MAGMA - a GPT-style multimodal model that can understand any combination of images and language

Related tags

Deep Learningmagma
Overview

MAGMA -- Multimodal Augmentation of Generative Models through Adapter-based Finetuning

Authors

repo (alphabetical)

Constantin (CoEich), Mayukh (Mayukhdeb), Sid (sdtblck)

paper

Constantin Eichenberg, Sidney Black, Samuel Weinbach, Aleph Alpha

Letitia Parcalabescu, Anette Frank, Heidelberg University

Abstract

Large-scale pretraining is fast becoming the norm in Vision-Language (VL) modeling. However, prevailing VL approaches are limited by the requirement for labeled data and the use of complex multi-step pretraining objectives. We present MAGMA - a simple method for augmenting generative language models with additional modalities using adapter-based finetuning. Building on Frozen, we train a series of VL models that autoregressively generate text from arbitrary combinations of visual and textual input. The pretraining is entirely end-to-end using a single language modeling objective, simplifying optimization compared to previous approaches. Importantly, the language model weights remain unchanged during training, allowing for transfer of encyclopedic knowledge and in-context learning abilities from language pretraining. MAGMA outperforms Frozen on open-ended generative tasks, achieving state of the art results on the OKVQA benchmark and competitive results on a range of other popular VL benchmarks, while pretraining on 0.2% of the number of samples used to train SimVLM.

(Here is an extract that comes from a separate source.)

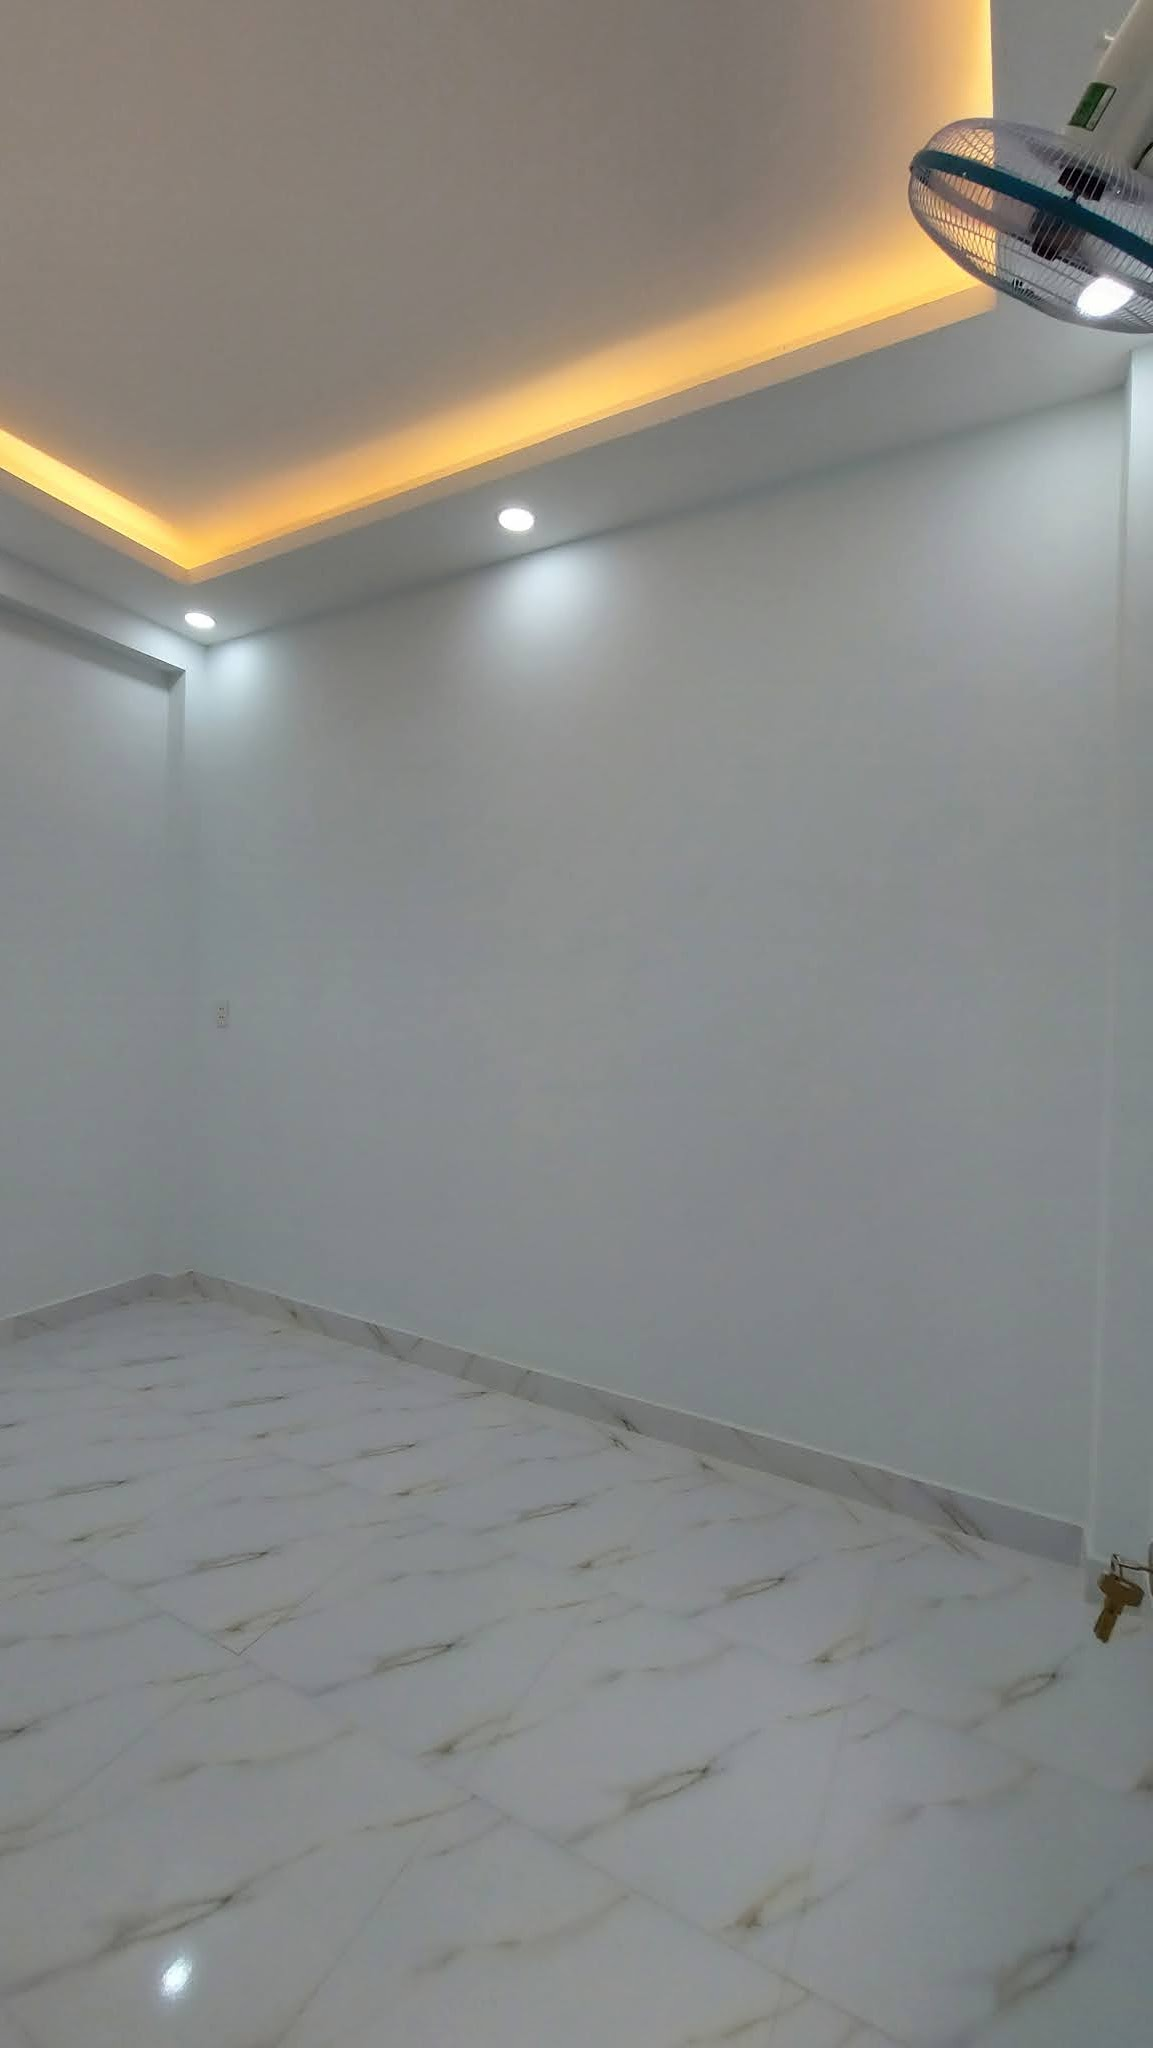 Bán nhà 1 lầu mới xây hẻm 2889 Phạm Thế Hiển phường 7 Quận 8 dưới 5 tỷ

Paper on arXiv: https://arxiv.org/abs/2112.05253

Examples (via Aleph Alpha playground)

Photos Text & Technical
A man covering a woman's eyes to hide a present A hand drawn treasure map
A fallen tree is blocking a road A software architecture

Model design

MAGMA model design

About the repository

In this repository we share the main parts of the codebase for training and inference of our MAGMA VL model. The main use of the repo is for downloading our pretrained weights and interacting with the model. We include a script for data parallel training with Deepspeed for finetuning our models or training a MAGMA model from scratch.

Installation

Make sure PyTorch (Ver >= 1.9.0) and Torchvision are installed. See https://pytorch.org/get-started/locally/.

You can pip install from the git repository with:

pip install git+https://github.com/Aleph-Alpha/magma.git

Make sure that you also download the config:

mkdir configs; wget -O configs/MAGMA_v1.yml https://raw.githubusercontent.com/Aleph-Alpha/magma/add-setup/configs/MAGMA_v1.yml

Or if you've cloned the repo, you can install all further requirements by:

pip install -r requirements.txt

Checkpoint

We also publish the model checkpoint that has been used for the publication. It is hosted on our infrastructure and downloads automatically. It can be downloaded manually here: https://bit.ly/aleph_alpha_magma_download

This checkpoint can also be played around with on a space managed by Heath Mitchell, AK, and Stella Biderman. (This is a 3rd party space, not managed by Aleph Alpha.)

Loading a model for inference

Downloads the checkpoint file into checkpoint_path if it's not already present.

from magma import Magma
from magma.image_input import ImageInput

model = Magma.from_checkpoint(
    config_path = "configs/MAGMA_v1.yml",
    checkpoint_path = "./mp_rank_00_model_states.pt",
    device = 'cuda:0'
)

inputs =[
    ## supports urls and path/to/image
    ImageInput('https://www.art-prints-on-demand.com/kunst/thomas_cole/woods_hi.jpg'),
    'Describe the painting:'
]

## returns a tensor of shape: (1, 149, 4096)
embeddings = model.preprocess_inputs(inputs)  

## returns a list of length embeddings.shape[0] (batch size)
output = model.generate(
    embeddings = embeddings,
    max_steps = 6,
    temperature = 0.7,
    top_k = 0,
)  

print(output[0]) ##  A cabin on a lake

Converting datasets to our format

To convert an image-caption dataset to our dataset class magma.datasets.ImgCptDataset, we suggest:

from magma.datasets.convert_datasets import convert_dataset

def my_dataset_iterator():
    """
    Implement an iterator for your dataset that for every datapoint yields a tuple
    image_path, {"captions": [...], "metadata": {...}, }, where image_path is the path to the image as a Path object, captions is a list of caption strings and metadata is an optional field.
    """

if __name__ == "__main__":
    convert_dataset(data_dir="/target/directory", ds_iterator=my_dataset_iterator())

How to train MAGMA

Run the training with:

deepspeed train.py --config path_to_my_config

To continue training from a deepspeed checkpoint, provide the checkpoint directory in the "load" config parameter.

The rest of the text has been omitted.